→ **Problem**:
Pictures are to be omitted; everything else in the data must be transcribed exactly.

→ **Given data**:
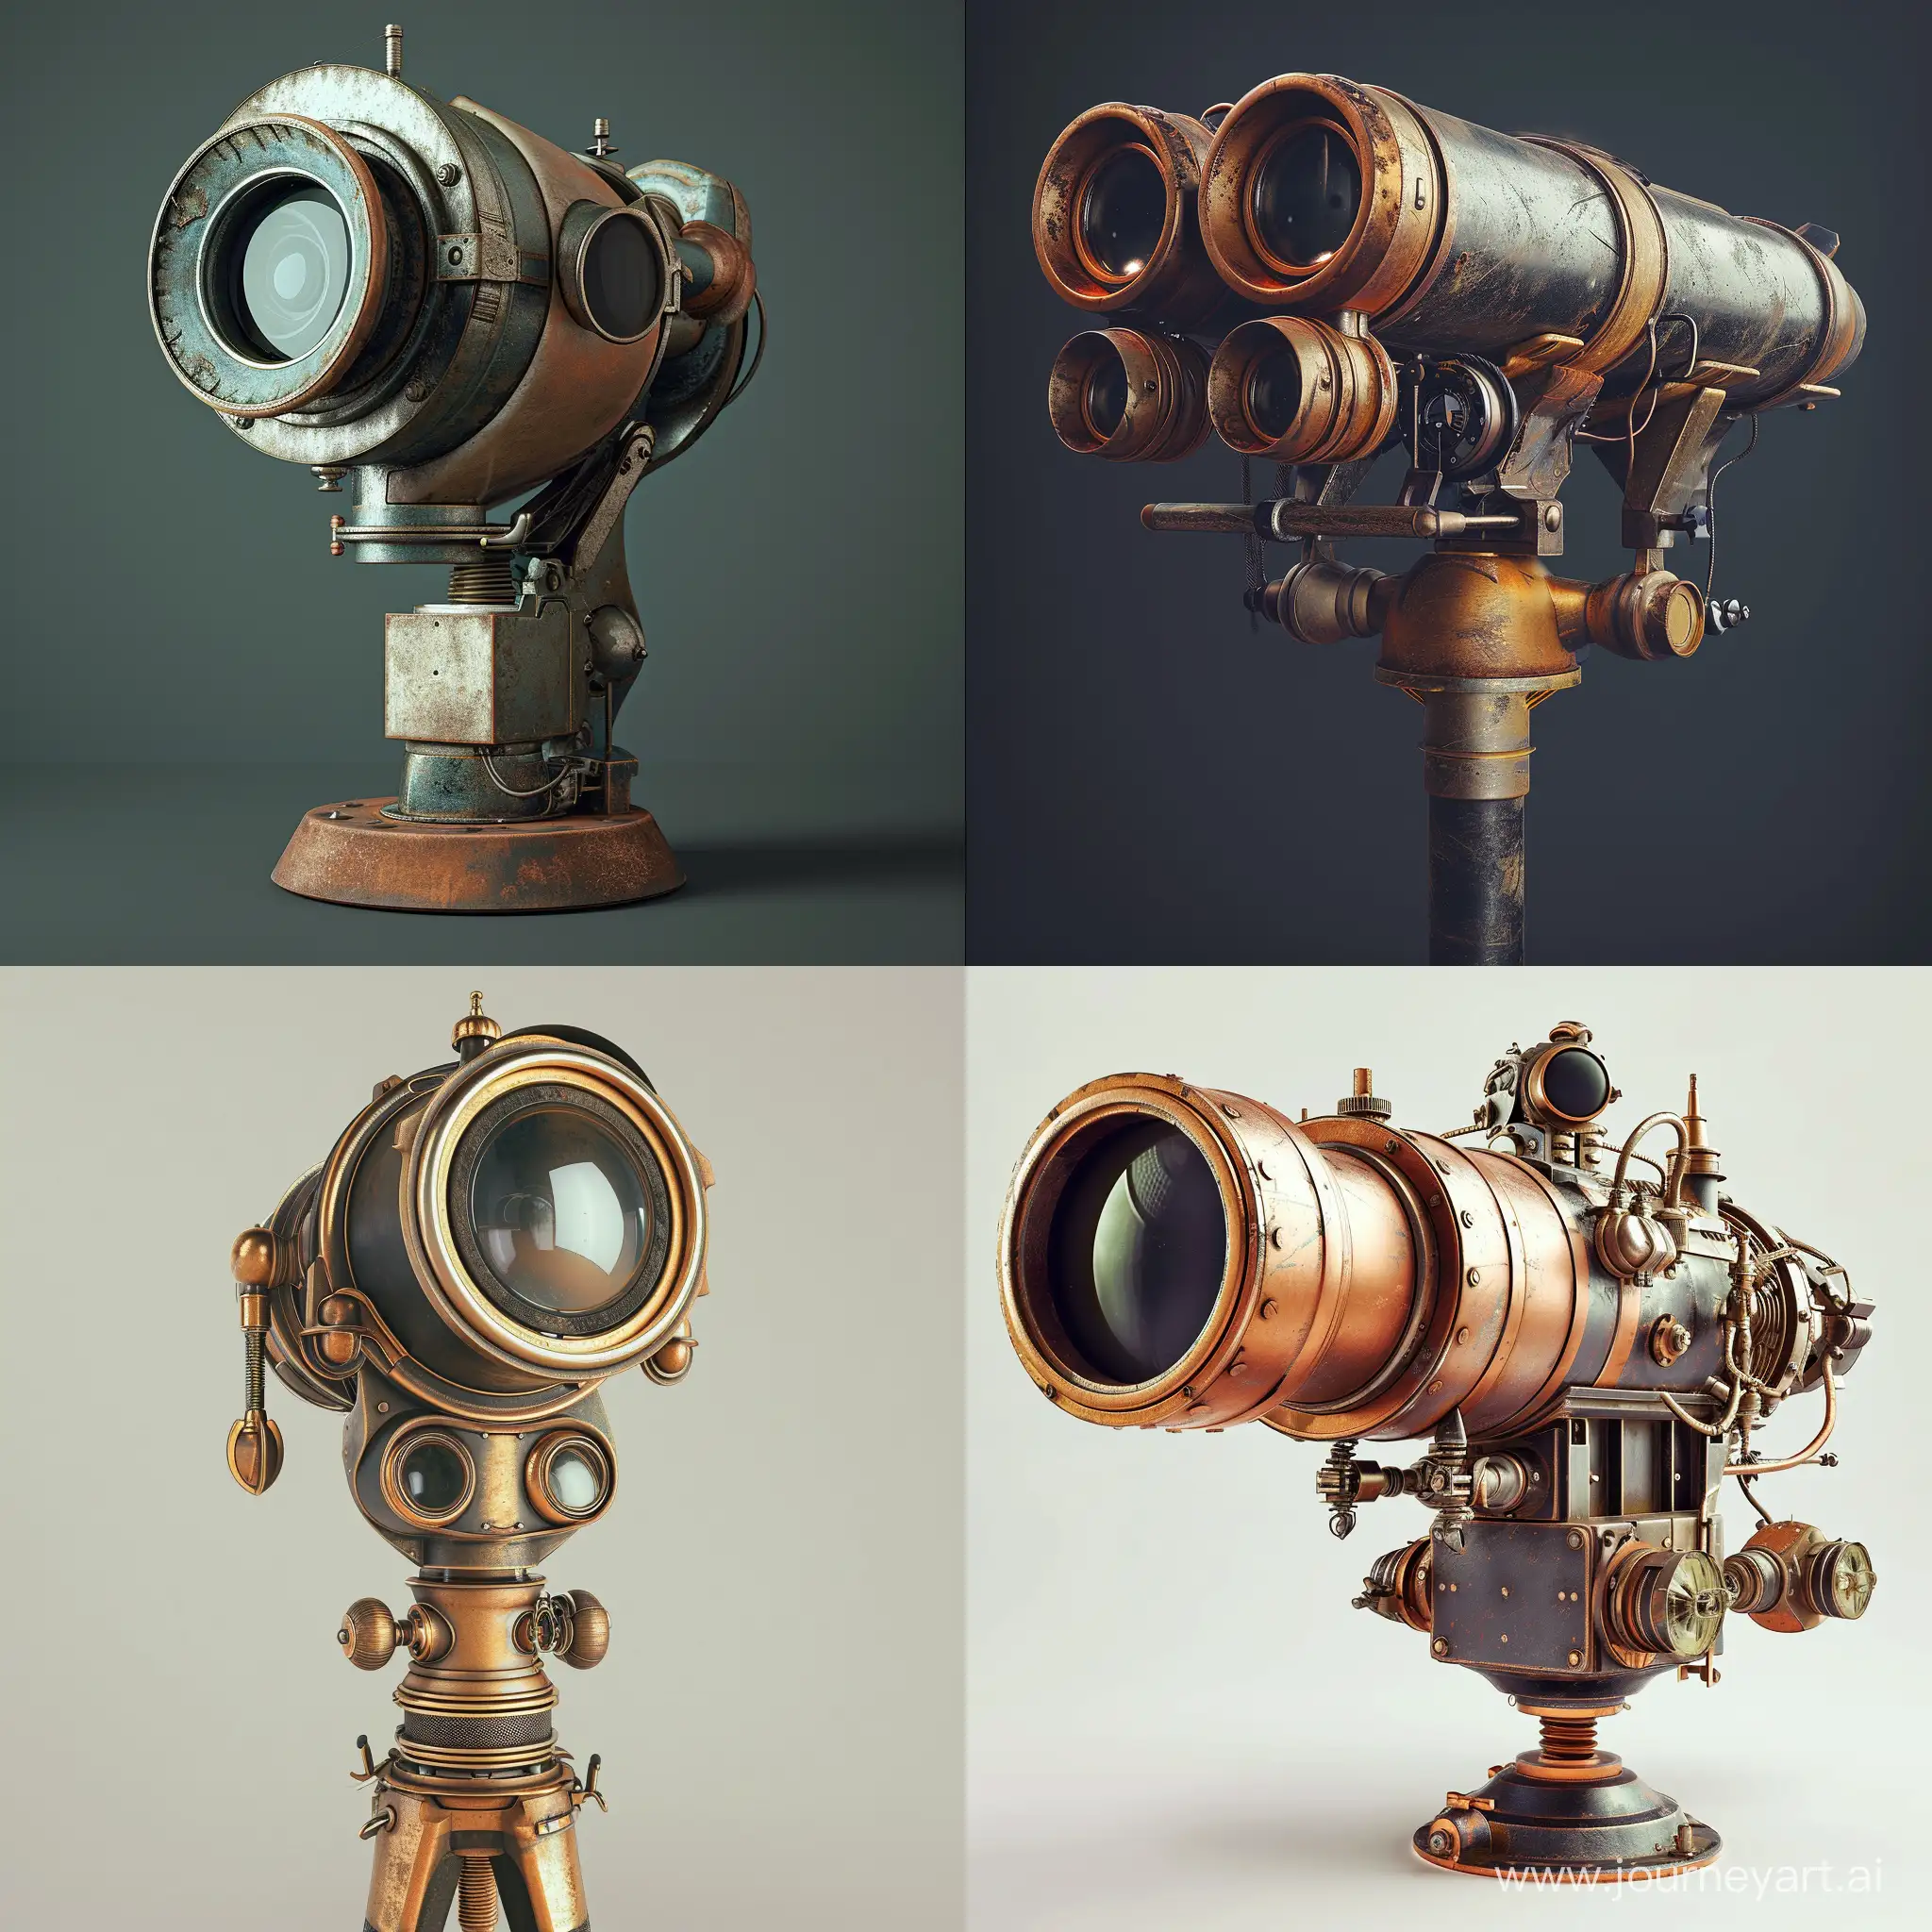 Detailed-Vintage-Periscope-Art-with-Epic-Composition
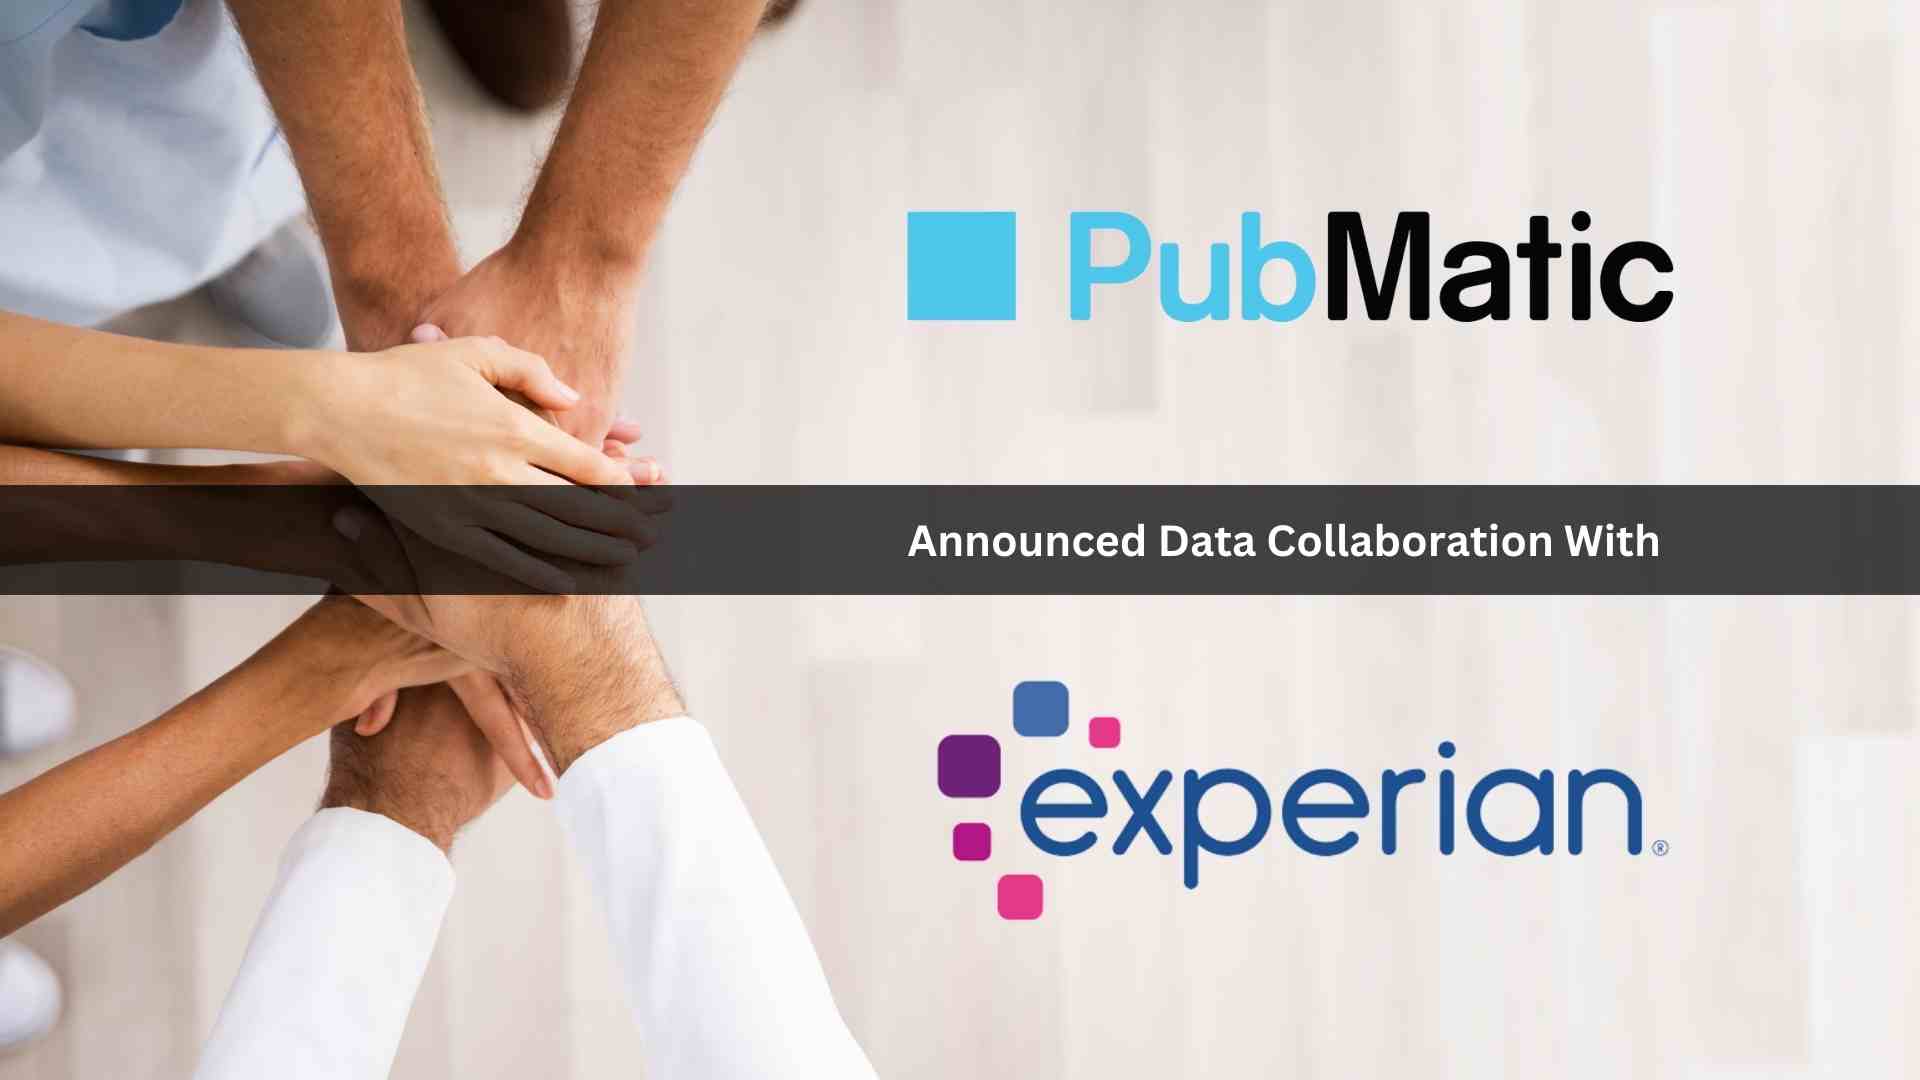 PubMatic is First Sell-Side Technology Provider to Offer Powerful Experian Commerce Data in Both the US and UK
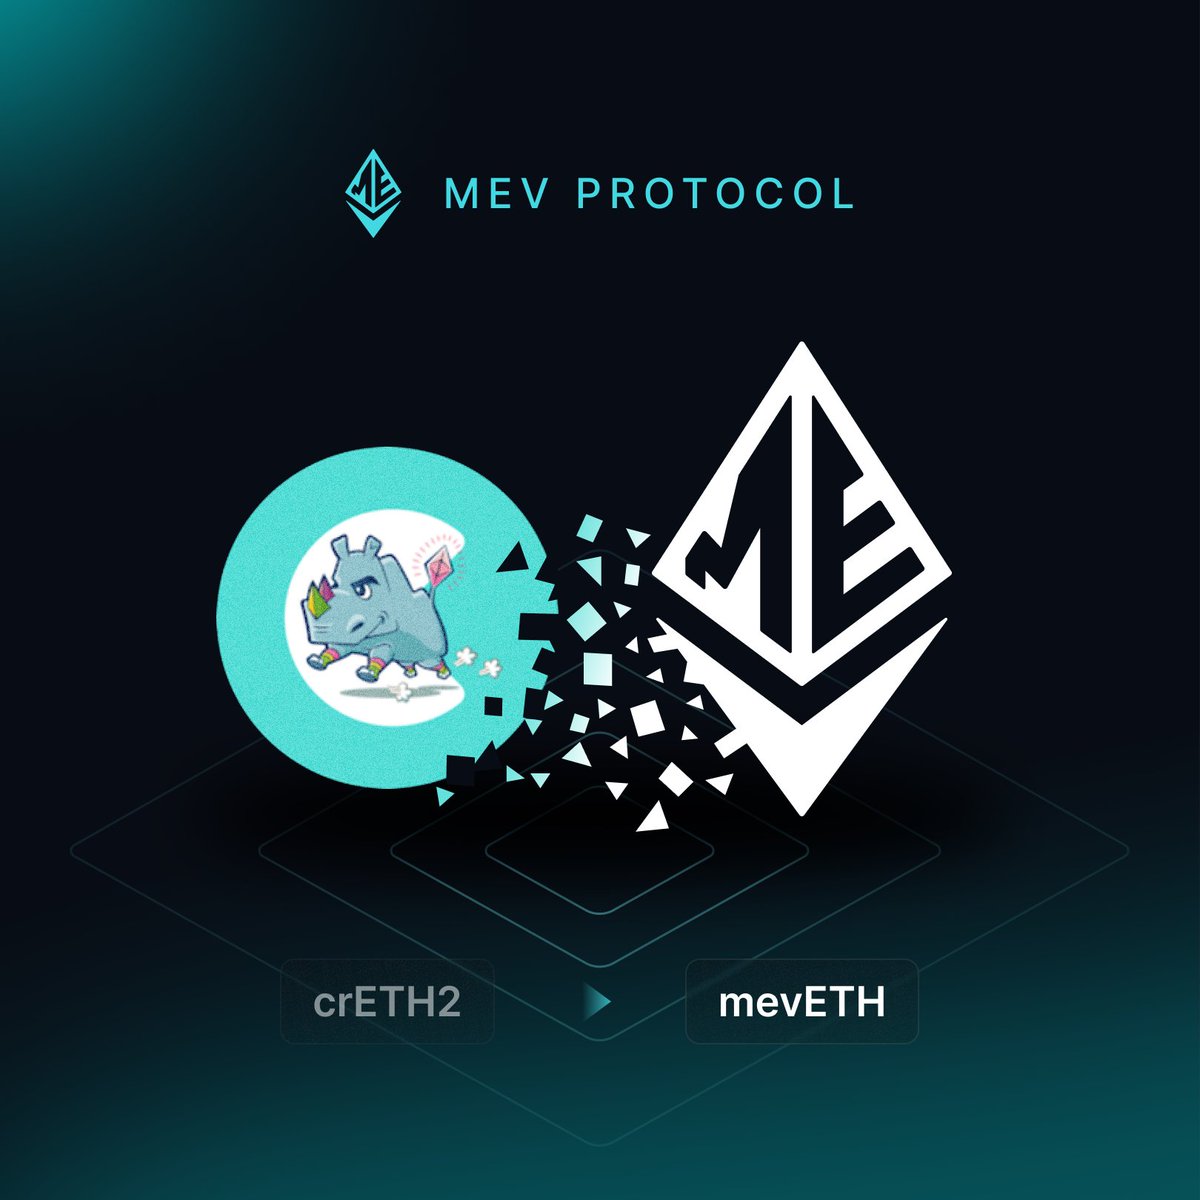 With the launch of MEV Protocol and mevETH, @CreamdotFinance crETH2 holders can now migrate to mevETH! Over 11,000 crETH2 have already migrated! If you haven’t yet, read on for the why and how:
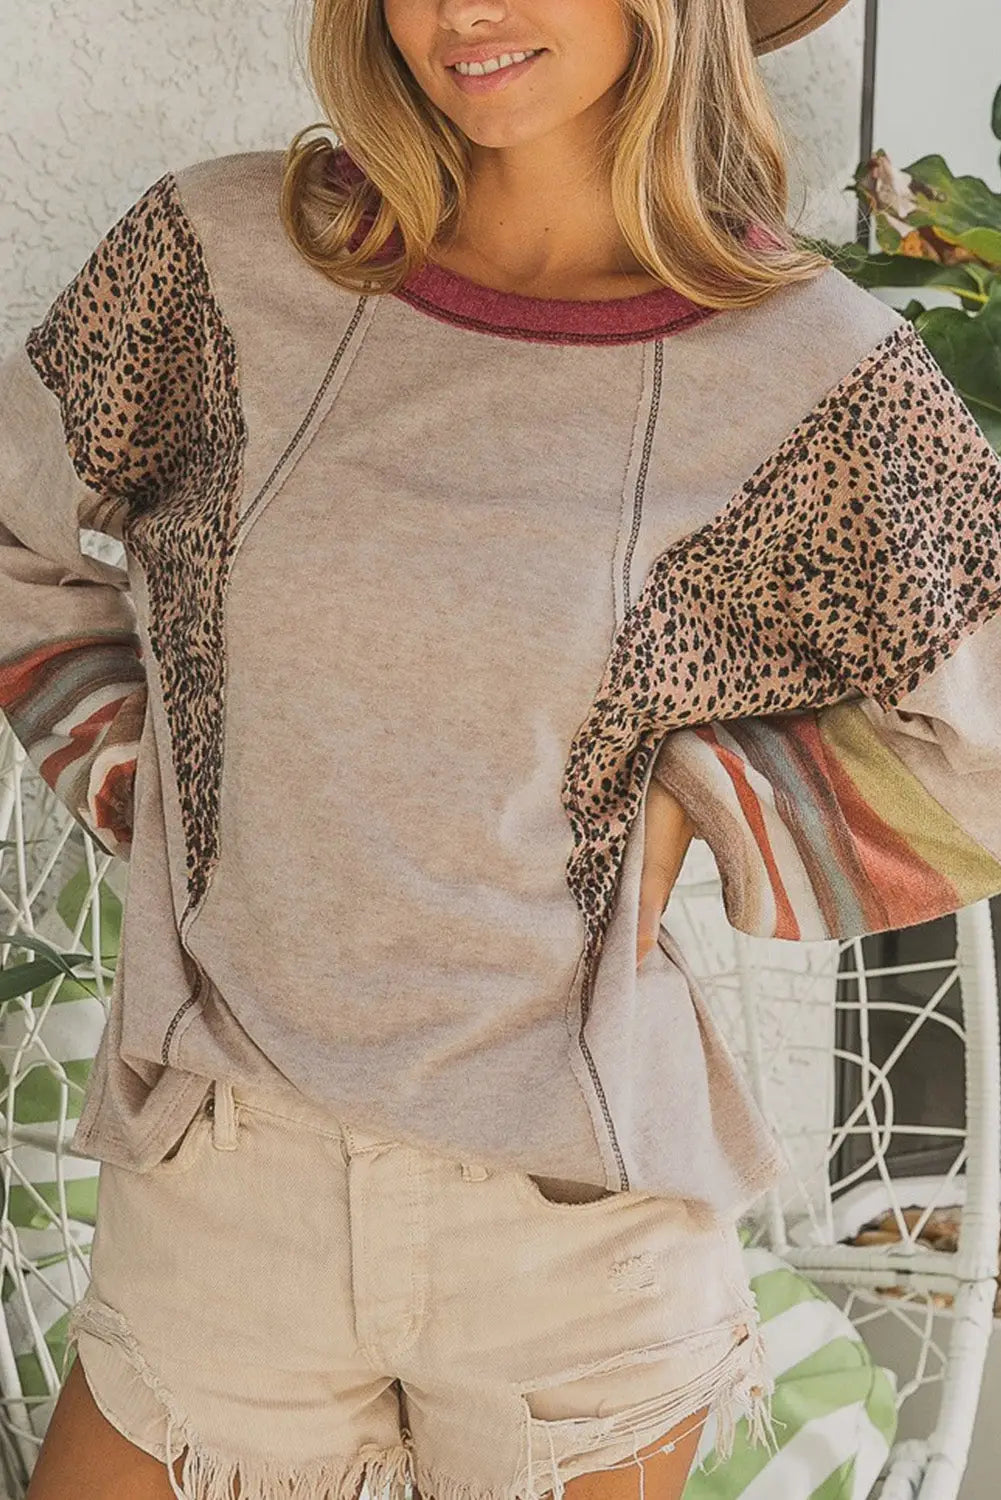 Khaki leopard serape patchwork exposed stitching pullover top - s / 60% polyester + 35% viscose + 5% elastane - tops

→ **Expected answer**:
 Detailed-Vintage-Periscope-Art-with-Epic-Composition
 PubMatic is First Sell-Side Technology Provider to Offer Powerful Experian Commerce Data in Both the US and UK
 With the launch of MEV Protocol and mevETH, @CreamdotFinance crETH2 holders can now migrate to mevETH! Over 11,000 crETH2 have already migrated! If you haven’t yet, read on for the why and how:
 Khaki leopard serape patchwork exposed stitching pullover top - s / 60% polyester + 35% viscose + 5% elastane - tops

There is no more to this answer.